Jason Norville

Personal information
- Date of birth: 9 September 1983 (age 42)
- Place of birth: Sangre Grande, Trinidad and Tobago
- Height: 5 ft 11 in (1.80 m)
- Position: Striker

Youth career
- Watford

Senior career*
- Years: Team / Apps / (Gls)
- 2001–2005: Watford / 13 / (1)
- 2005–2008: Barnet / 33 / (3)
- 2007: → Welwyn Garden City (loan)
- 2007: → Wealdstone (loan) / 3 / (0)
- 2008: Woking / 16 / (4)
- 2010: Dover Athletic / 4 / (1)
- 2010–2011: Bishop's Stortford / 5 / (2)

International career
- 2003: Trinidad and Tobago / 1 / (0)

= Jason Norville =

Trinidadian footballer (born 1983)

Jason Norville (born 9 September 1983) is a Trinidadian former professional footballer who played as a striker. He made one appearance for the Trinidad and Tobago national team in 2003.

==Career==
Norville came up through Watford's academy, and made 14 league appearances and scored his first professional goal in a 2–2 draw with Sheffield Wednesday in March 2003.

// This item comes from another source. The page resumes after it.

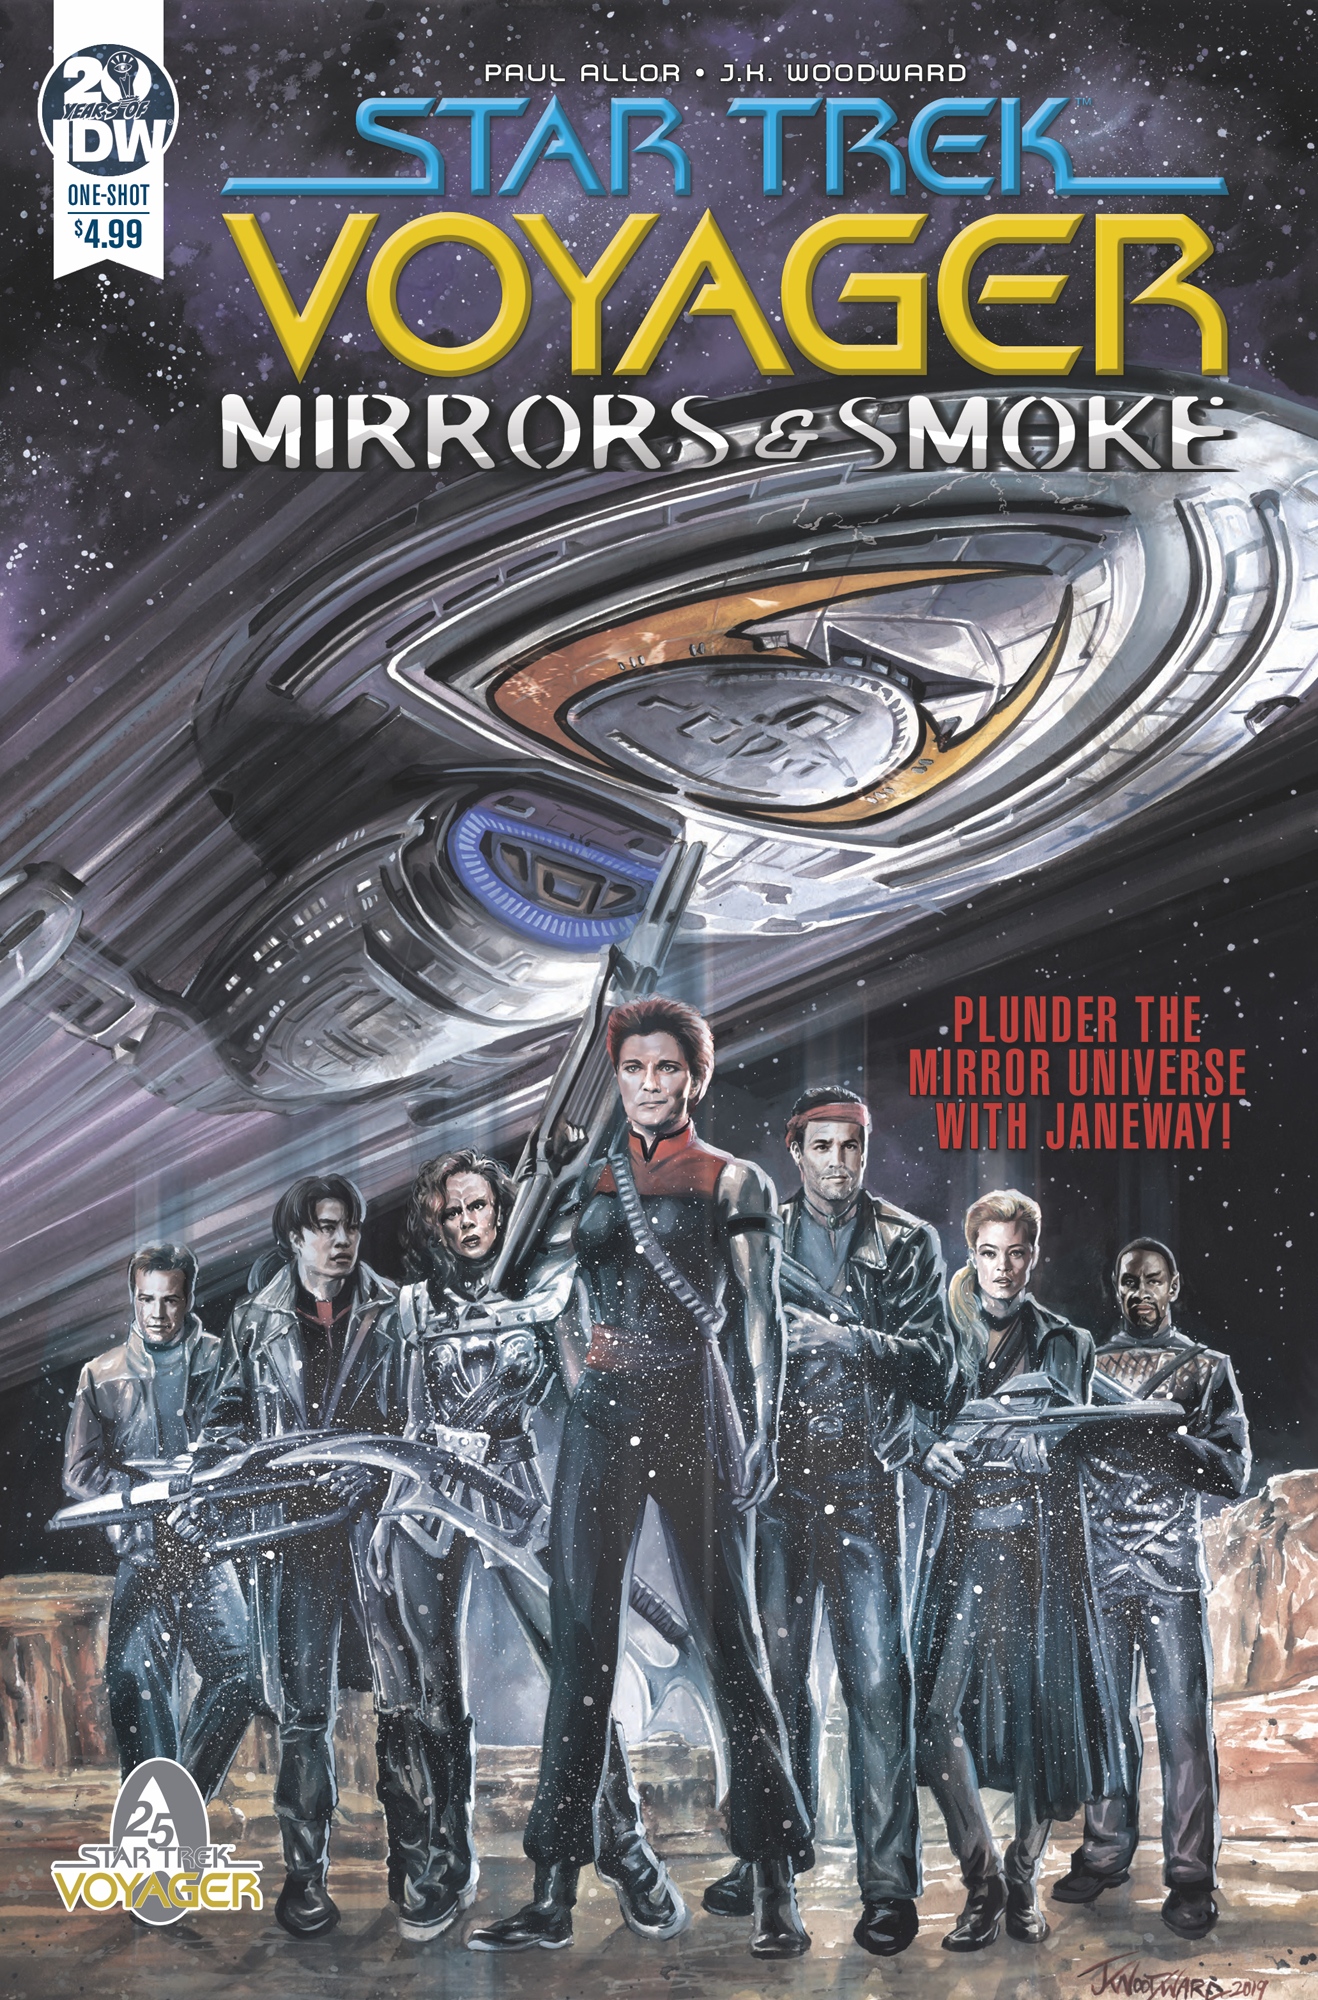 STAR TREK VOYAGER: MIRRORS AND SMOKE regular cover by J K Woodward

He moved to Barnet on 29 July 2005. His time at Barnet was marked by injuries, which restricted him to only 28 appearances in two years. He was released by the club in May 2007 but re-joined the club on a non-contract basis just before the start of the new season, however this was not officially announced until 31 August, after he had played three games for Wealdstone on loan to gain match fitness. He quickly fell out of favour at Barnet in the 2007–08 season after some poor performances and in January 2008 joined Woking on a free transfer. He was released at the end of the season. Norville was out of football for two years before going on trial at Gillingham in summer 2010, and joined Dover Athletic later that year.